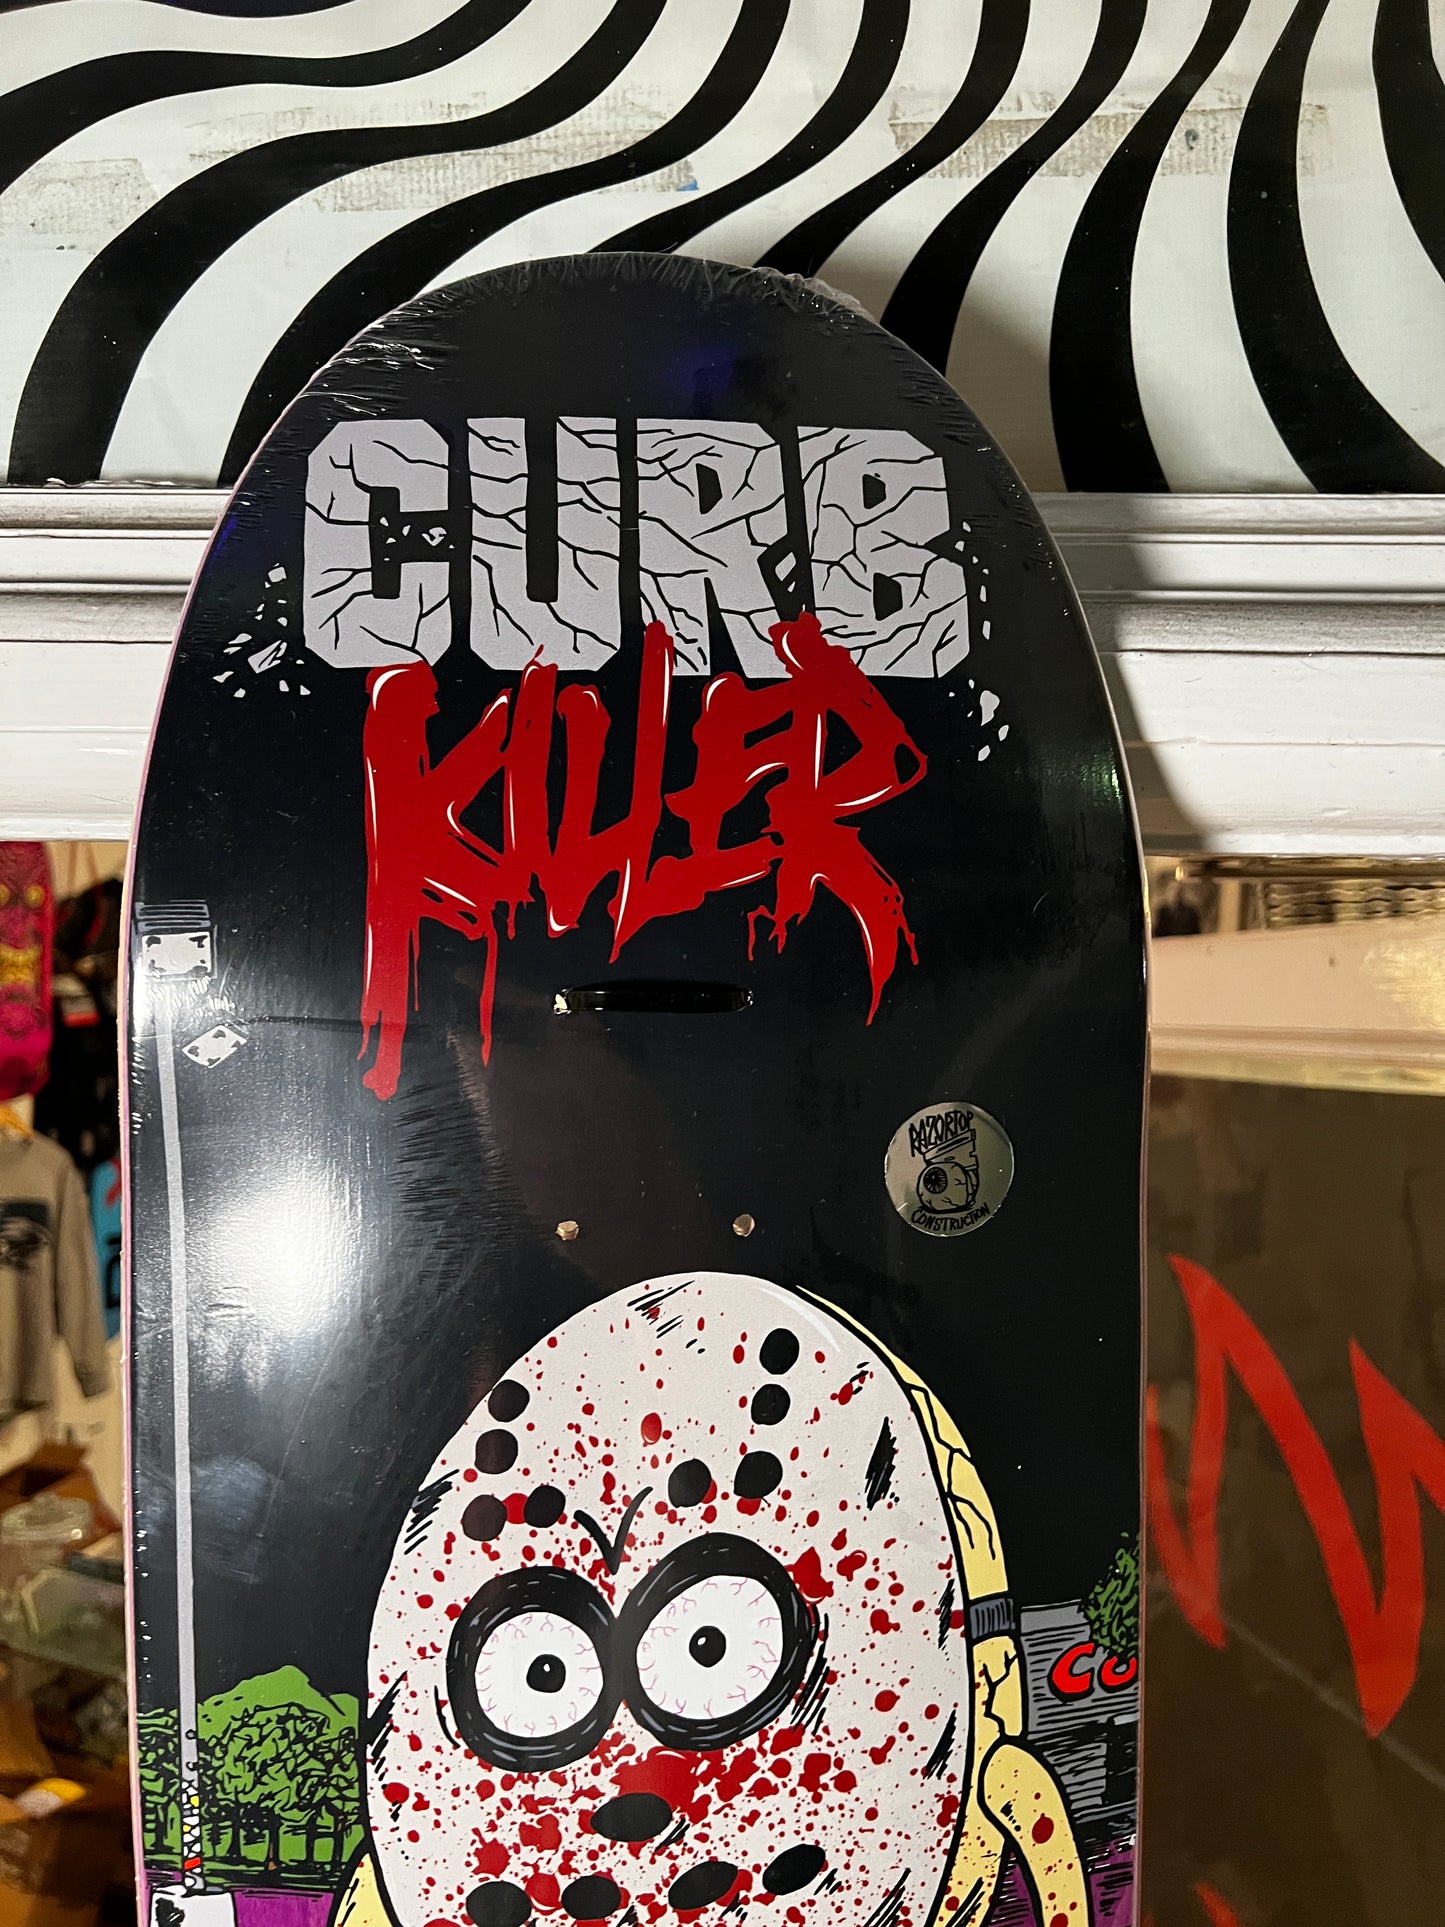 Heroin Skateboards Curb Killer Guest Model 10"
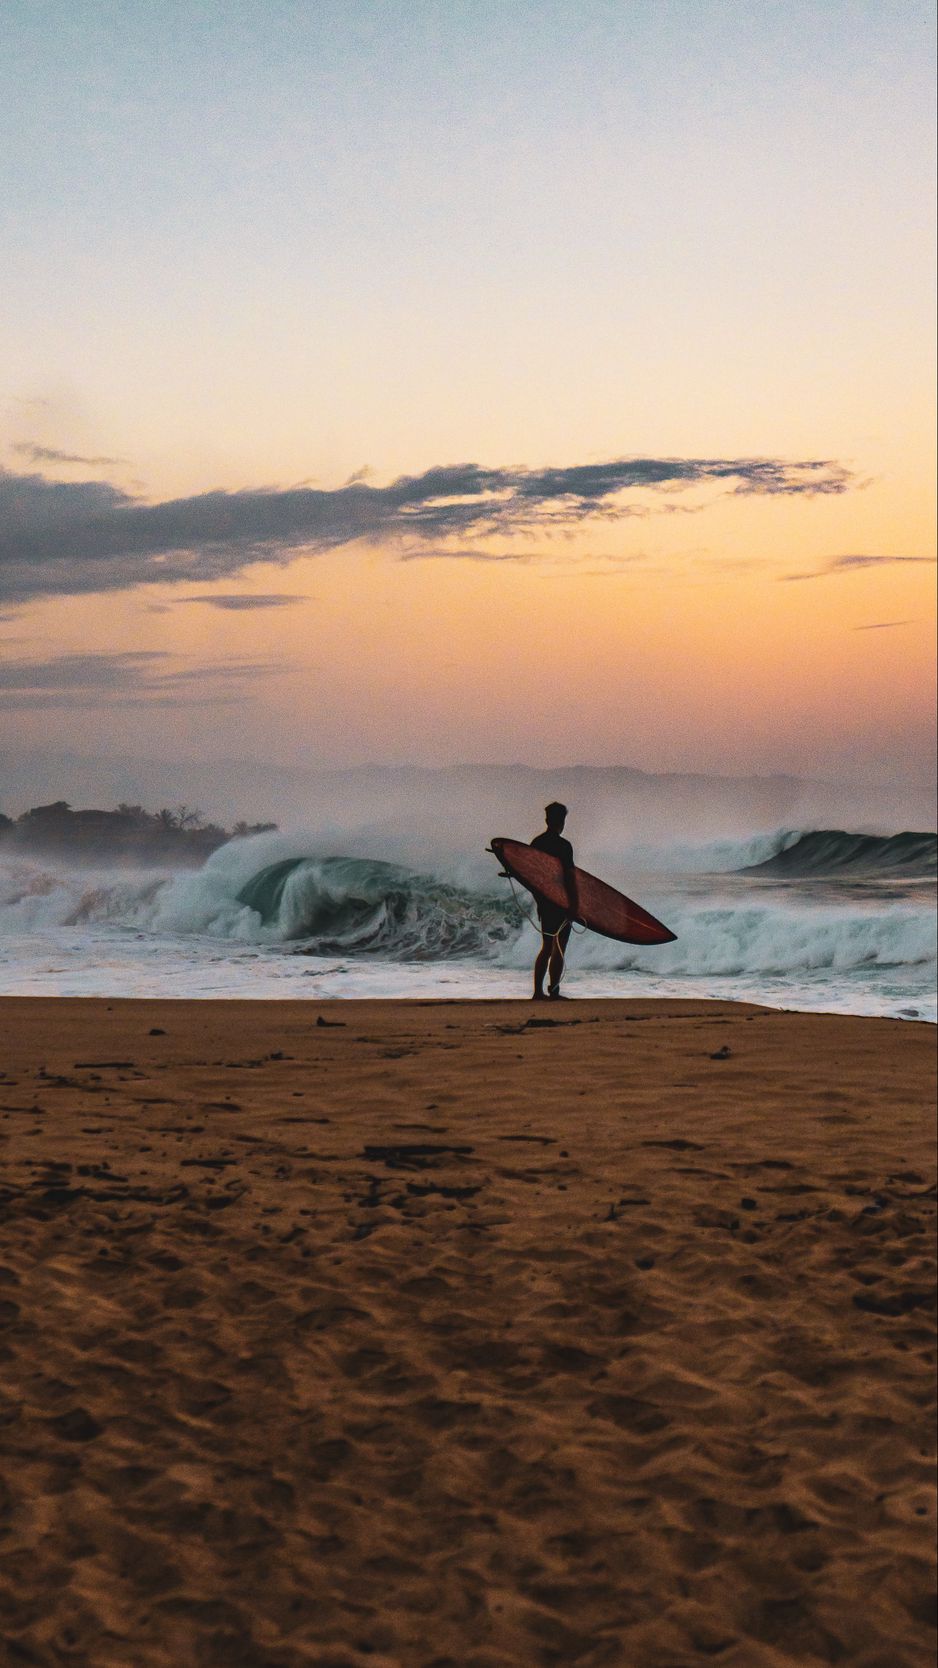 Surfing In Ocean Waves IPhone Wallpaper  IPhone Wallpapers  iPhone  Wallpapers
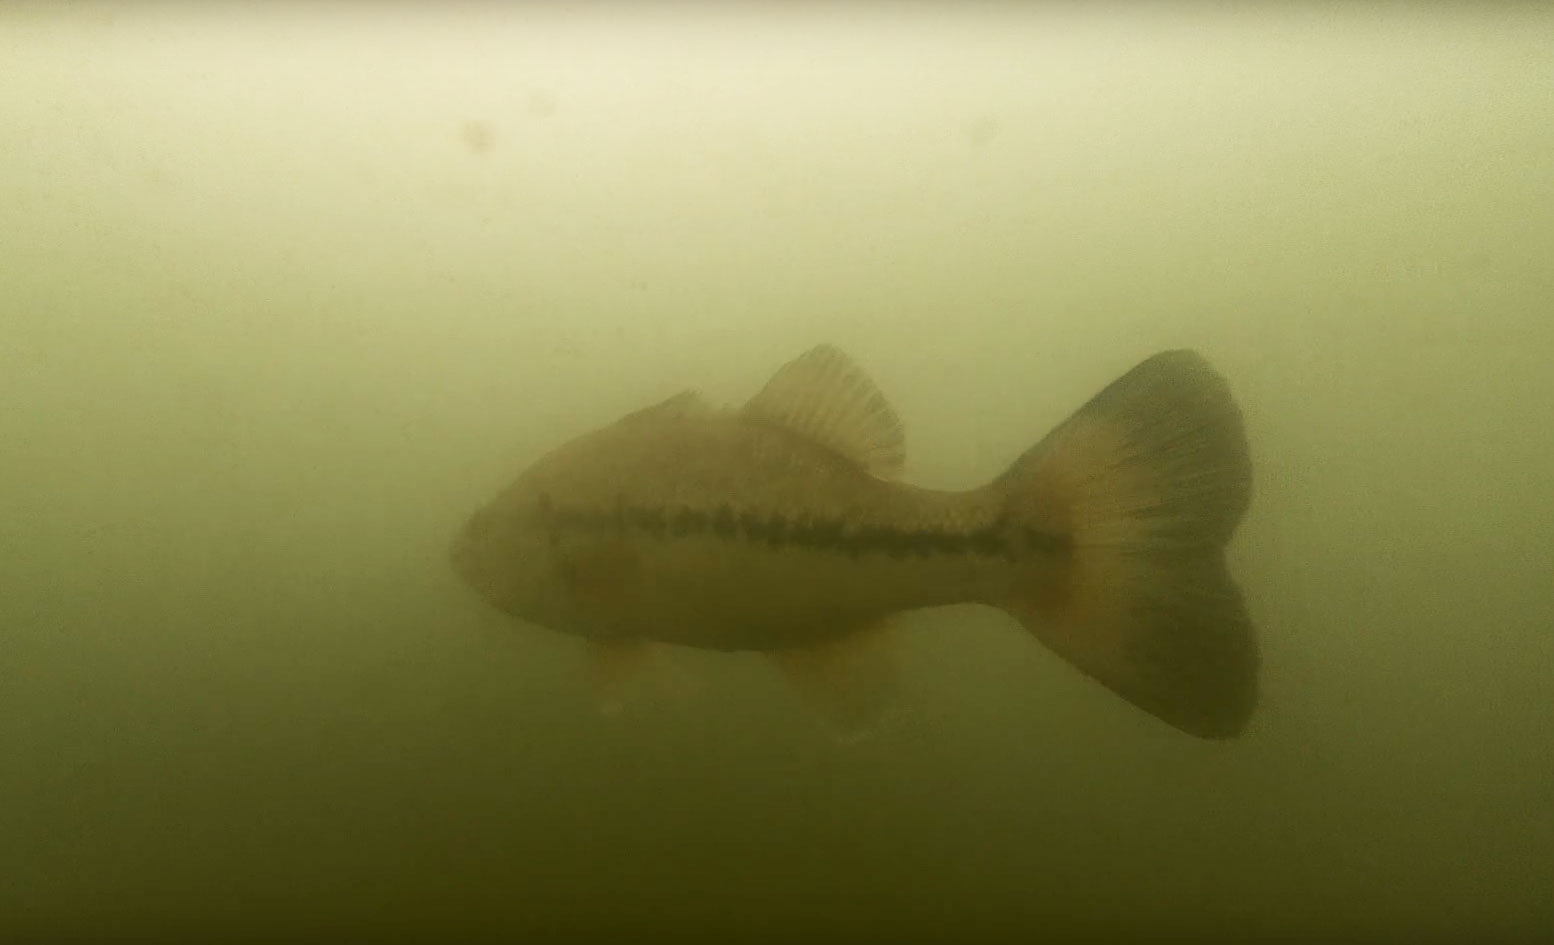 underwater-drone-fish-lake-st-clair.jpg

■ WHAT YOU HAVE TO DO: Print the material above once more, exactly, minus the pictures.

■ RESPONSE TO THE EXERCISE:
 Heroin Skateboards Curb Killer Guest Model 10"
 Surfing In Ocean Waves IPhone Wallpaper  IPhone Wallpapers  iPhone  Wallpapers
 underwater-drone-fish-lake-st-clair.jpg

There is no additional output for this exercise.